Similarly, let p:[0, T] and p′:[0, T′] be two perceptual trajectories (self-productions and/or exemplars). It is reasonable to define the distance between them to be the sum, or in this case average (which can be seen as a time-normalized sum), of the distances between them at each time (Itakura, 1975, p. 69; Mermelstein, 1976; Sakoe and Seibi, 1978; inter alia). More specifically, define the distance between them to be

\begin{array}{l} \int_{0}^{1} d_{SOUNDS} (p (T t), p^{'} (T^{'} t)) d t . & (ii) \end{array}

As in the motor case, this is a pseudometric on the set of perceputal trajectories that yields a metric on the set of equivalence classes of perceptual trajectories defined in section 2.2.3. Moreover, observe that this is the same as the measure between a self-production and a perceptual trajectory as defined in criterion 2 if the salience were 1 everywhere—that is, if the whole of the exemplar were fully salient—as would likely be the case in adult speech. Thus, this metric is a good representation of the structure on the set of perceptual trajectories for an adult (for a discussion of desirable properties of perceptual distance measures, see Mermelstein, 1976).

A psychological notion of distance could emerge from the implied metrics described above. This notion could then account for the experience of two words as sounding or feeling similar. A creative language behavior, like rapping, could then be understood as the conscious exploitation of an intrinsic matching algorithm; specifically, as an attempt at minimizing the perceptual trajectory distance between two word-length perceptual trajectories, and/or minimizing the motor trajectory distance between two word-length motor trajectories; or as an attempt at keeping these distances within a certain range. For example, the impression that a line flows well in a rap might because the speaker has identified perceptual trajectories that are similar enough that the distance between them is below a certain threshold, but are different enough that they are not pure repetition (e.g. Eminem's “…all the stores ship us platinum” and then “…metamorphosis happen”; Mathers et al., 2002, track 12). Rhyming, on the other hand, is a particular instantiation of bounding the distance between perceptual trajectories, wherein a not-too-large, not-too-small average distance between trajectories is achieved specifically by making the distances larger at the onset, and very small in the rhyme. This additional restriction would require modulation or deliberate new constraints on the perceptual matching algorithm that is intrinsic to Core.

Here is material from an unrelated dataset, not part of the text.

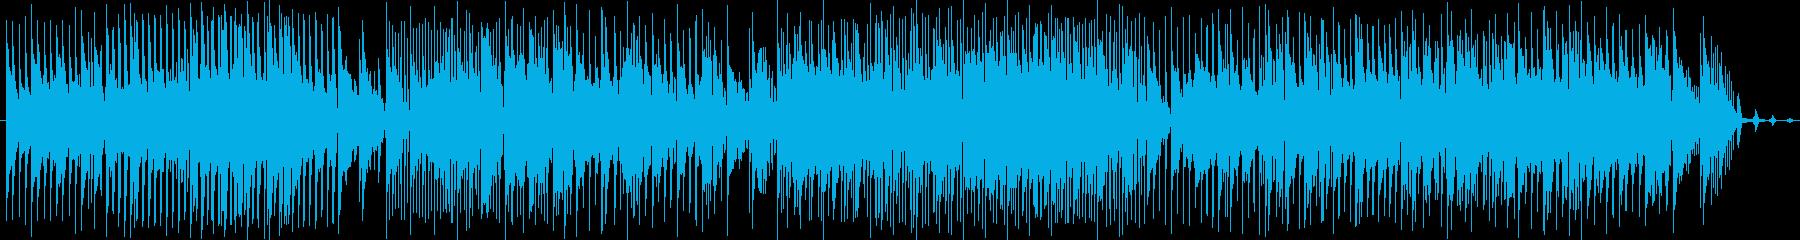 和やかで前向きなBGMを作りました。の再生済みの波形

The distance metrics we define are fundamental to speech production and development in Core because both rely on comparisons between trajectories. Two critical comparison operations are matching to approximate a phonetically detailed perceptual representation (i.e., an exemplar) to produce words, and matching existing schemas to create an abstract motor phonological representation (i.e., a silhouette). The algorithms we instantiate to effect these and other comparison operations were sometimes motivated by specific hypotheses regarding spoken language behavior; other times they were expedient. For example, a theoretically motivated assumption underlies the choice to represent perceptual trajectories that are exemplars and perceptual trajectories that are self-generated in the same perceptual space and then match them based on patterns (e.g., the difference between Z₁ and Z₃) rather than based on absolute values (e.g., the values of Z₁ and Z₃). The assumption is that infants do not track the various acoustic correlates to linguistic contrasts separately; rather, they attend to how the correlates covary in time (see, e.g., Sussman, 1986). This assumption implies that the normalization problem is not actively solved during development. Instead, it is automatically solved in speech processing and production (for a contrasting view see, e.g., Plummer, 2014).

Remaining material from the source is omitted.